Draw a equilateral triangle of side 7.5cm and locate the centroid.
Answer:
STEP-1:
Draw a line segment AB with 7.5cm and take that as base. Take B as Centre and draw an arc with 7.5cm radius, taking A as Centre draw an arc with 7.5 cm that should cut the previous arc. Name the intersection point as C and connect it to A, B. Thus, equilateral triangle is formed.
STEP-2:
Draw perpendicular bisector for any two sides
We take AC side. Taking more than half of AC we draw arc on adjacent sides of line segment and from both the ends of the line segment (AC) and we connect the intersected points.

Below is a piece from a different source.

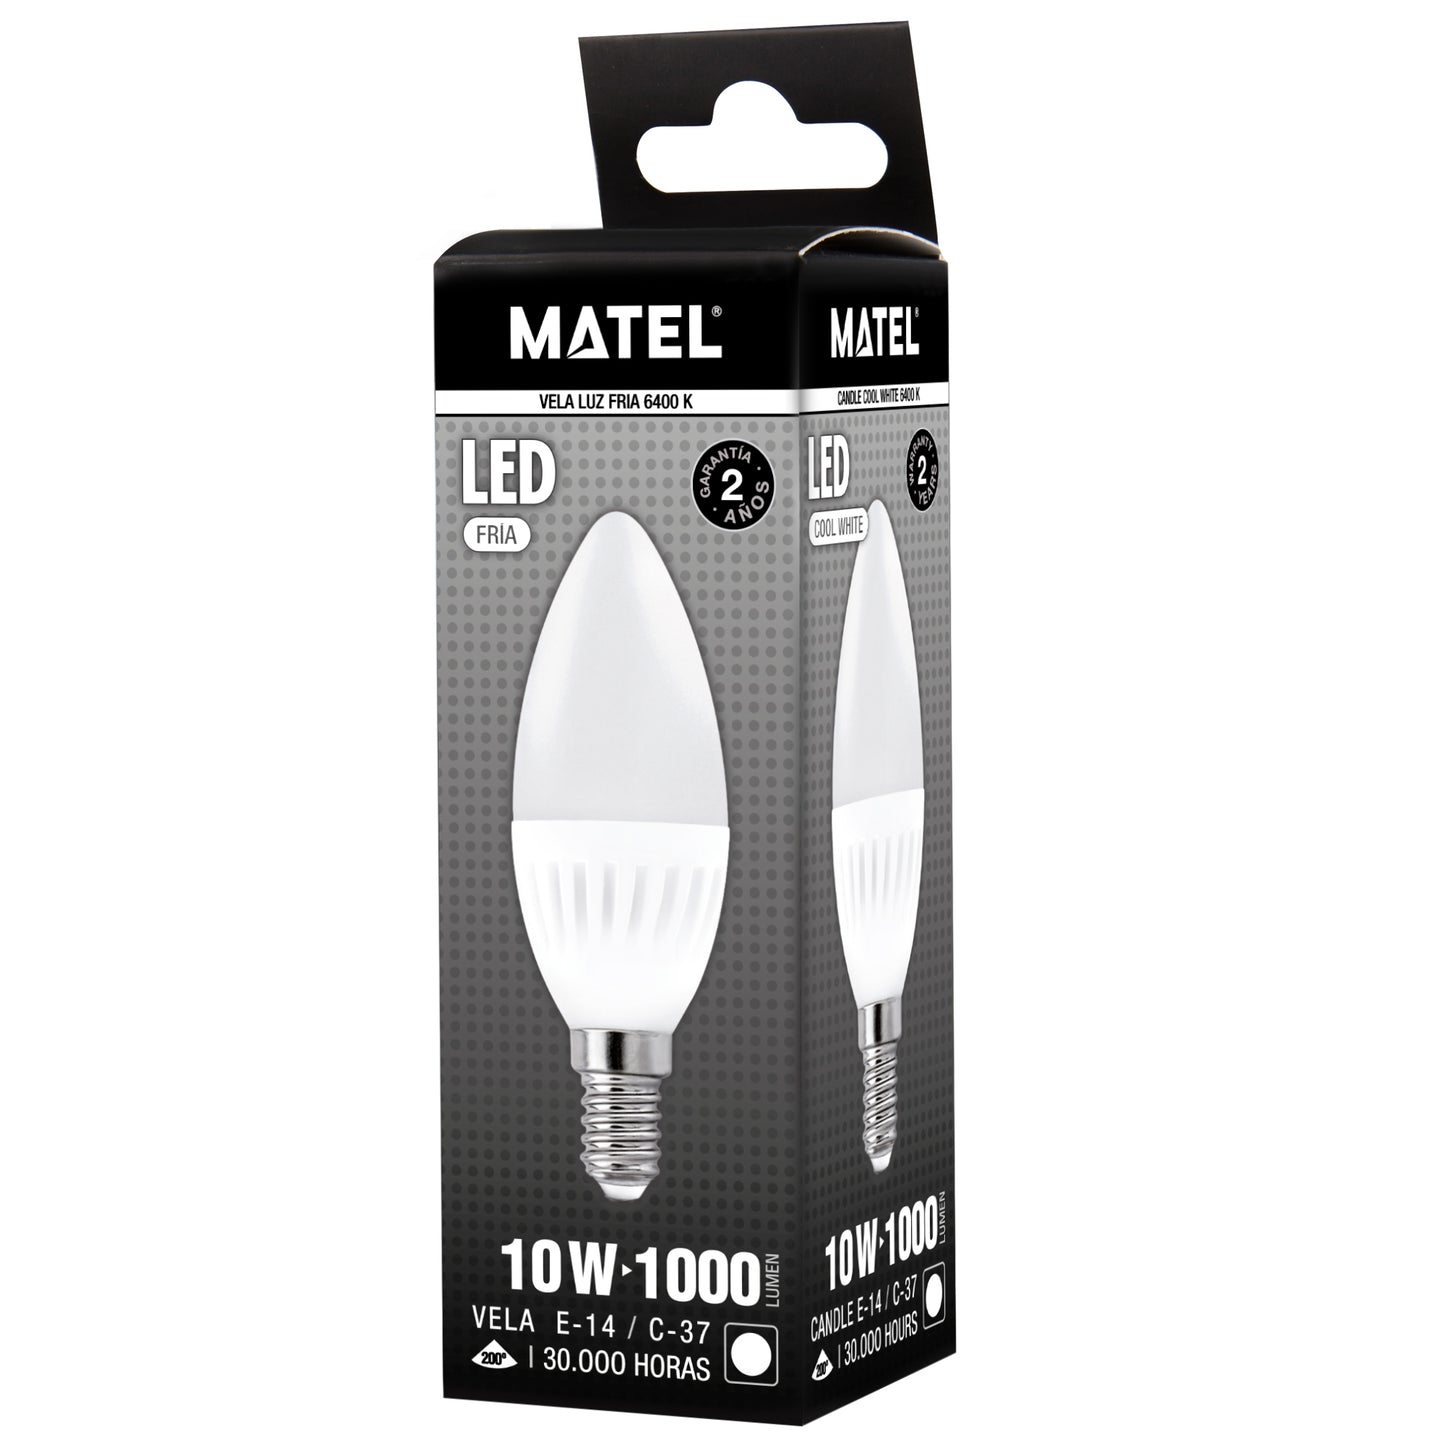 MATEL E14 10W CANDLE LED LAMP 
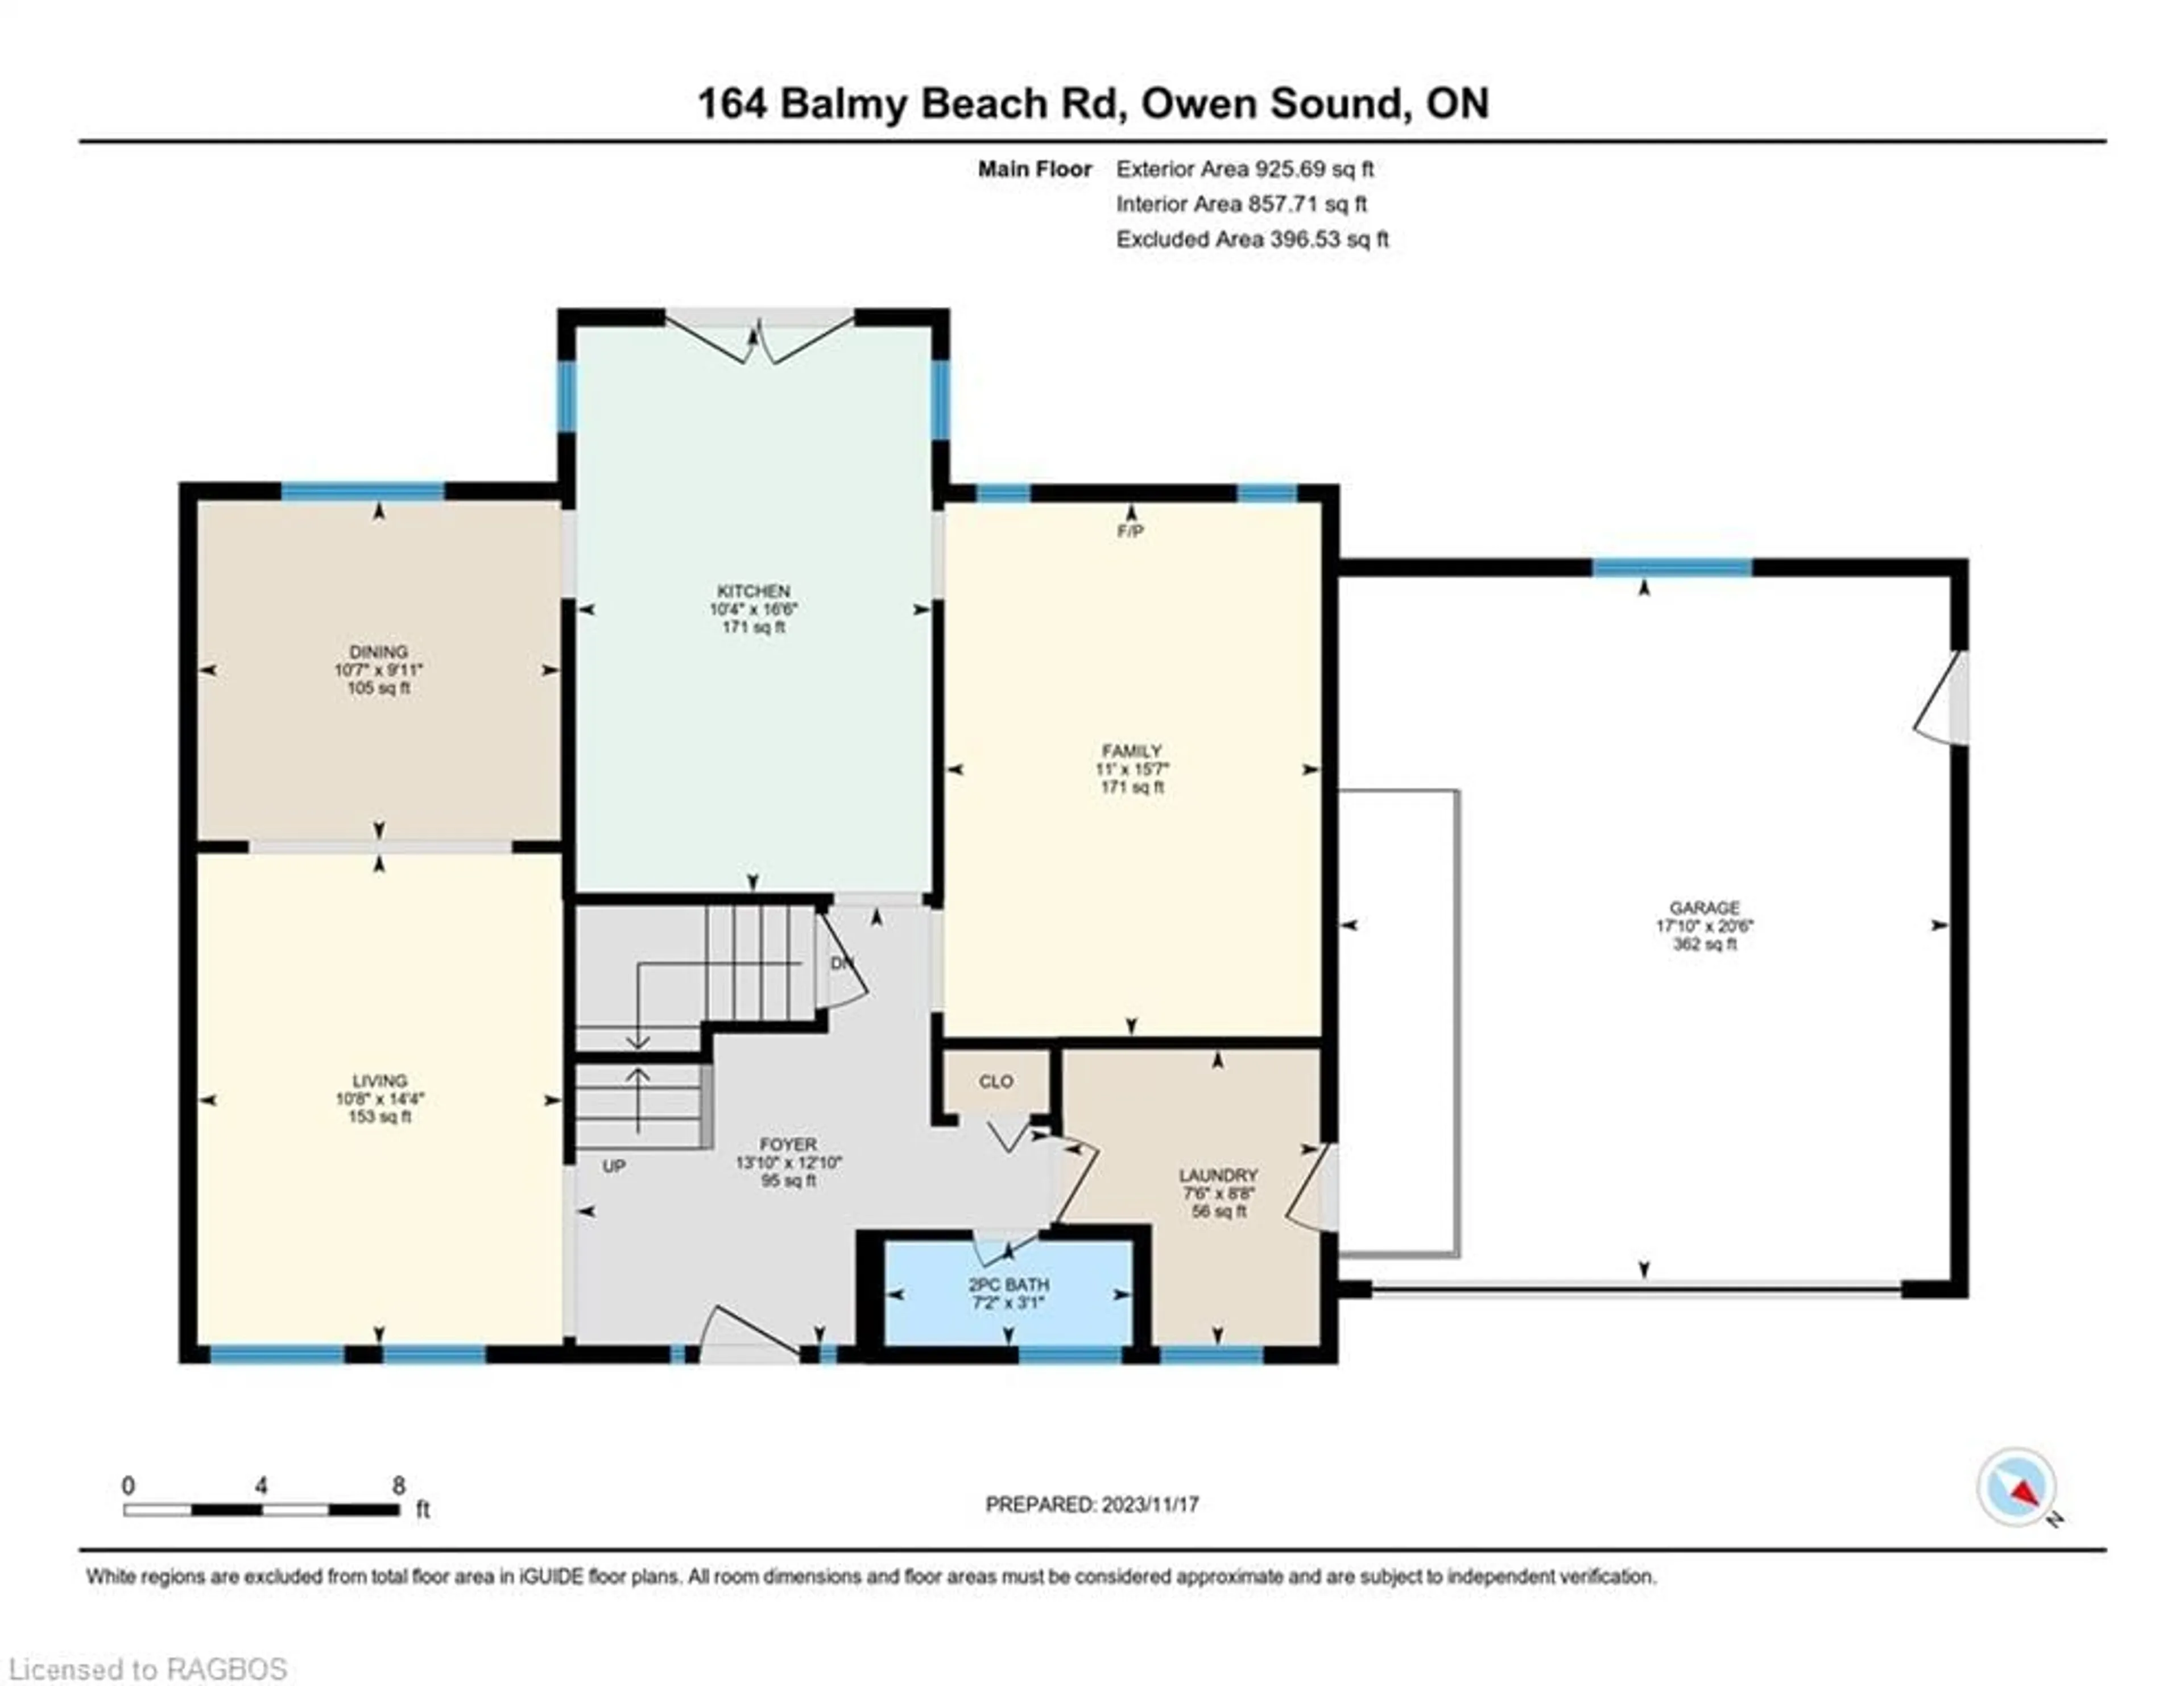 Floor plan for 164 Balmy Beach Rd, Georgian Bluffs Ontario N4K 5N4

Name the midpoint as D
STEP-3
In the same way we draw perpendicular bisector for MN. Name the midpoint as P
STEP-4:
Draw the medians LP, MO and name the meeting point is the centroid G
Thus, we have constructed centroid (G).
Question 4.
Draw the right triangle whose sides are 3cm, 4cm and 5cm and construct its centroid.
Answer:
STEP-1:
Draw a line segment AB with 5cm and take that as base. Take B as Centre and draw an arc with 4cm radius, taking A as Centre draw an arc with 3cm that should cut the previous arc. Name the intersection point as C and connect it to A, B. Thus, triangle is formed.
STEP-2:
Draw perpendicular bisector for any two sides
We take AC side. Taking more than half of AC we draw arc on adjacent sides of line segment and from both the ends of the line segment (AC) and we connect the intersected points. Name the midpoint as D
STEP-3
In the same way we draw perpendicular bisector for BC. Name the midpoint as E
STEP-4:
Draw the medians AE, BD and name the meeting point is the centroid G
Thus, we have constructed centroid (G)
Question 5.
Draw the ΔPQR, where PQ = 6cm, ∠P = 110° and QR = 8cm and construct its centroid.
Answer:
Step-1:
Draw a line segment PQ with 6cm and take that as base. Take Q as Centre and draw an arc with 8cm radius, taking P as Centre draw ray of 110o that should cut the previous arc. Name the intersection point as R and connect it to Q. Thus, triangle is formed.
STEP-2:
Draw perpendicular bisector for any two sides
We take QR side. Taking more than half of QR we draw arc on adjacent sides of line segment and from both the ends of the line segment (QR) and we connect the intersected points. Name the midpoint as T
STEP-3
In the same way we draw perpendicular bisector for PQ. Name the
midpoint as S
STEP-4:
Draw the medians PT, QS and name the meeting point is the centroid G
Thus, we have constructed centroid (G).